UNDERLYING DISTRIBUTION ANALYSIS | Six Sigma and Beyond: Statistical Process Control, Volume IV

One of the fundamental bases of the statistical analysis of measurements is our ability to describe the data within the context of a model, or probability distribution. These models are used primarily to describe the shape and area of a given process, so that probabilities may be associated with questions concerning the occurrence of scores of values in the distribution. Common probability distributions for discrete random variables include the binomial and poison distributions. Probability distributions employed to describe continuous random variables include the normal, exponential, Weibull, gamma, and lognormal.

What is not commonly understood , however, is that most techniques typically employed in statistical quality control and research are based on the assumption that the process(es) studied are approximated by a particular model. The selection of a specific formula or method of analysis may, in fact, be incorrect if this assumption is in error. If this erroneous assumption does occur, the decisions that are based on data studied may be incorrect, regardless of the quality of the calculations. Some examples of this situation are as follows :

Many individuals have taken to describing the capability of a process as one in which the process is in control and ±3 (sigma) of the individual parts are within specifications. The use of ±3 (sigma) as a means of describing 99.73% of the area in the distribution, and therefore probability, is appropriate only if the process is normally distributed. If this is incorrect, the calculation of from Rbar/d ₂ is misleading, and the results of the analysis are spurious .
The development of the X and Moving R control chart is heavily dependent on the assumption that the process is normally distributed, in that the Central Limit Theorem does not apply to the X chart.
Many statistical tests, such as the z, t, and ANOVA, depend on the assumption that the population(s) from which the data are drawn are normally distributed.

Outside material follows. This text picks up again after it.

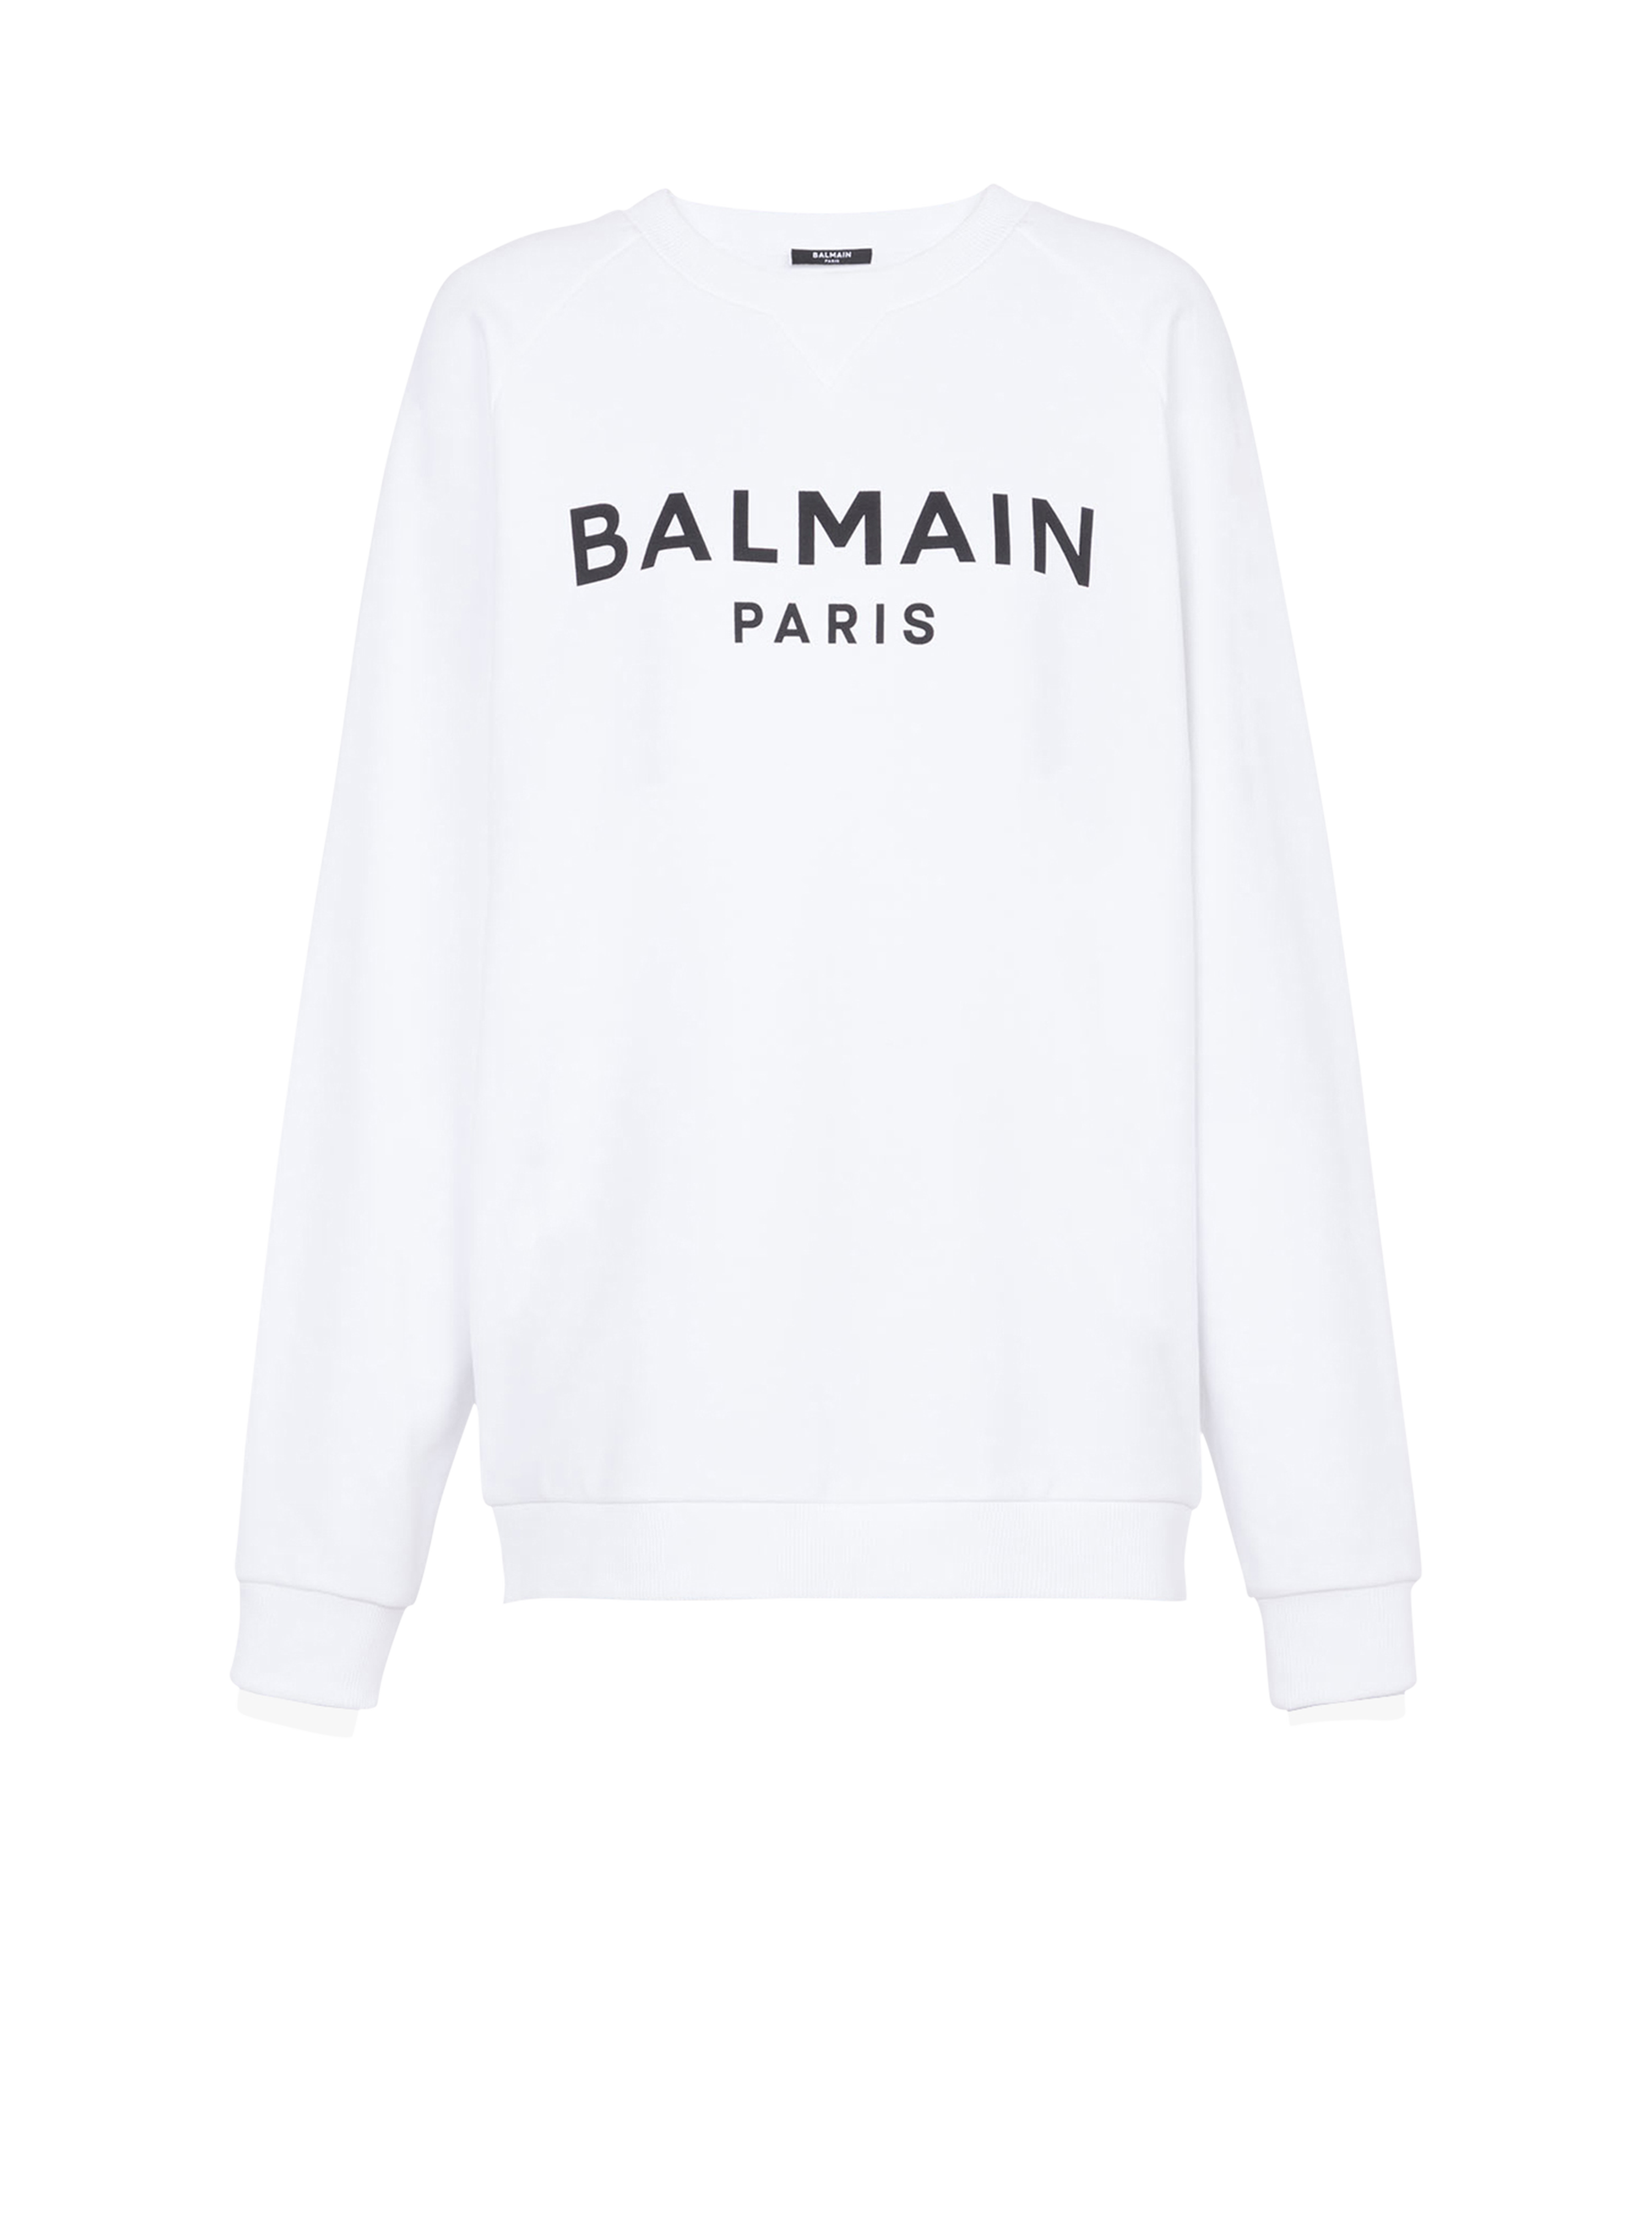 Felpa in cotone con logo Balmain, bianco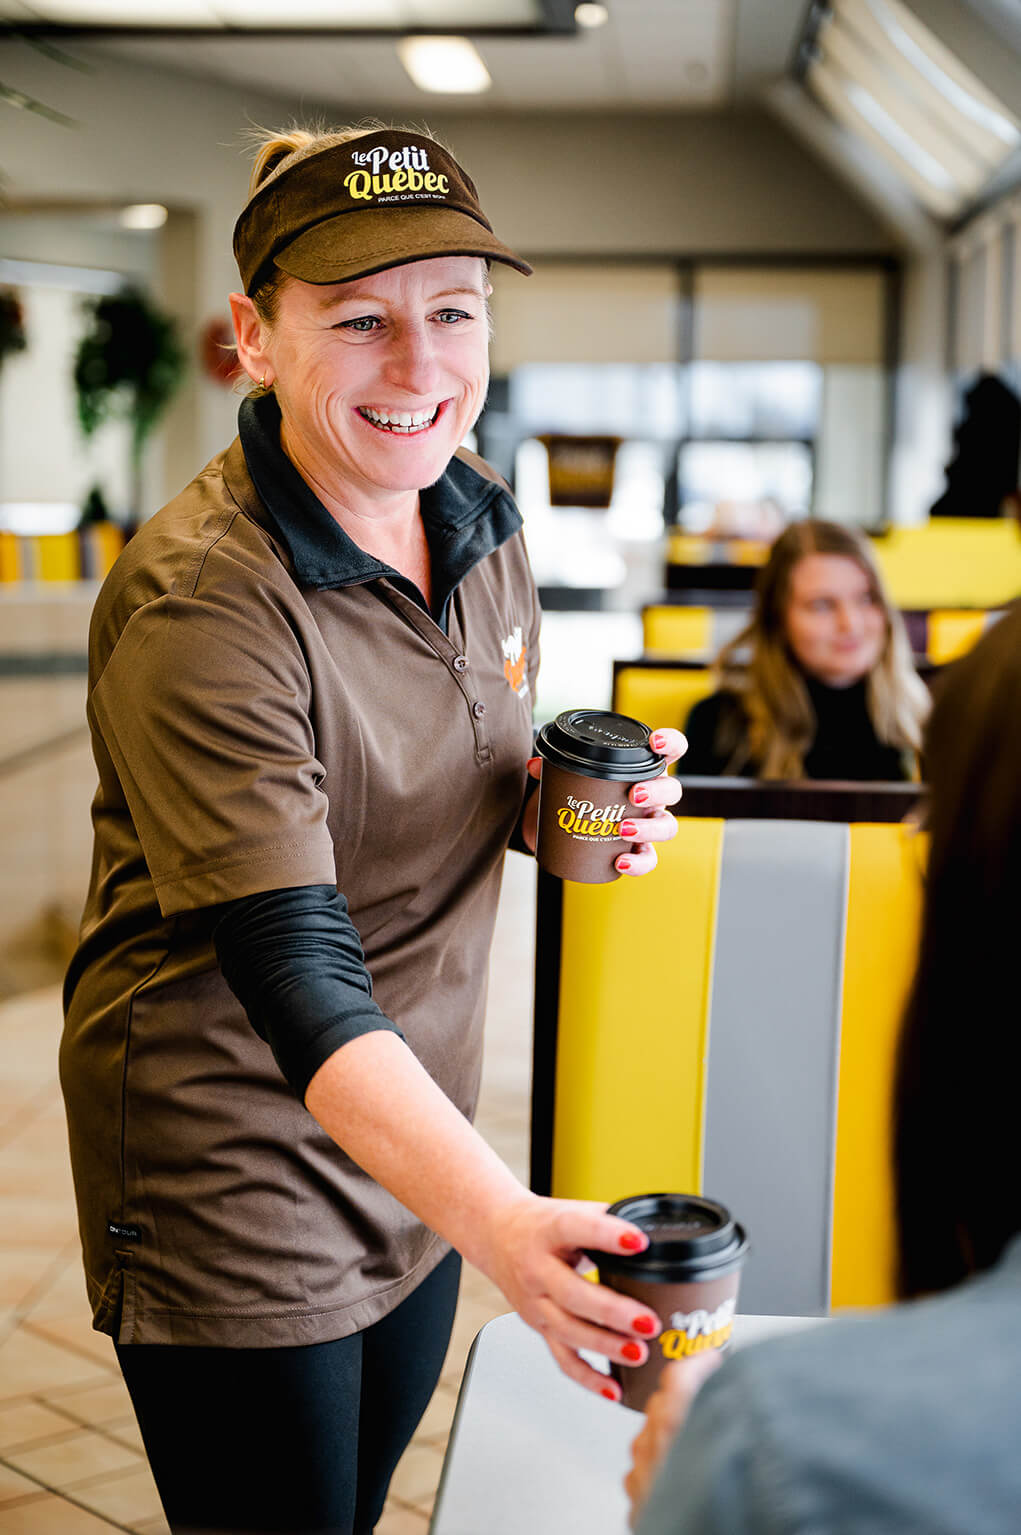 Femme qui sert le café aux clients dans un restaurant fast-food Le Petit Québec

Tests for comparing variances are particularly sensitive to this assumption.
The assumption of a particular distribution is employed when computing tolerance (confidence) intervals and predicting product/part interference and performance.
Life tests are often based on the assumption of an underlying exponential distribution.
Time-to-repair system estimation methods often assume an underlying lognormal or exponential distribution.

Given that the validity of the statistical analysis selected is largely dependent on the correct assumption of a specific process distribution, it is desirable, if not essential, to determine whether the assumption we have made regarding an underlying distribution is reasonable.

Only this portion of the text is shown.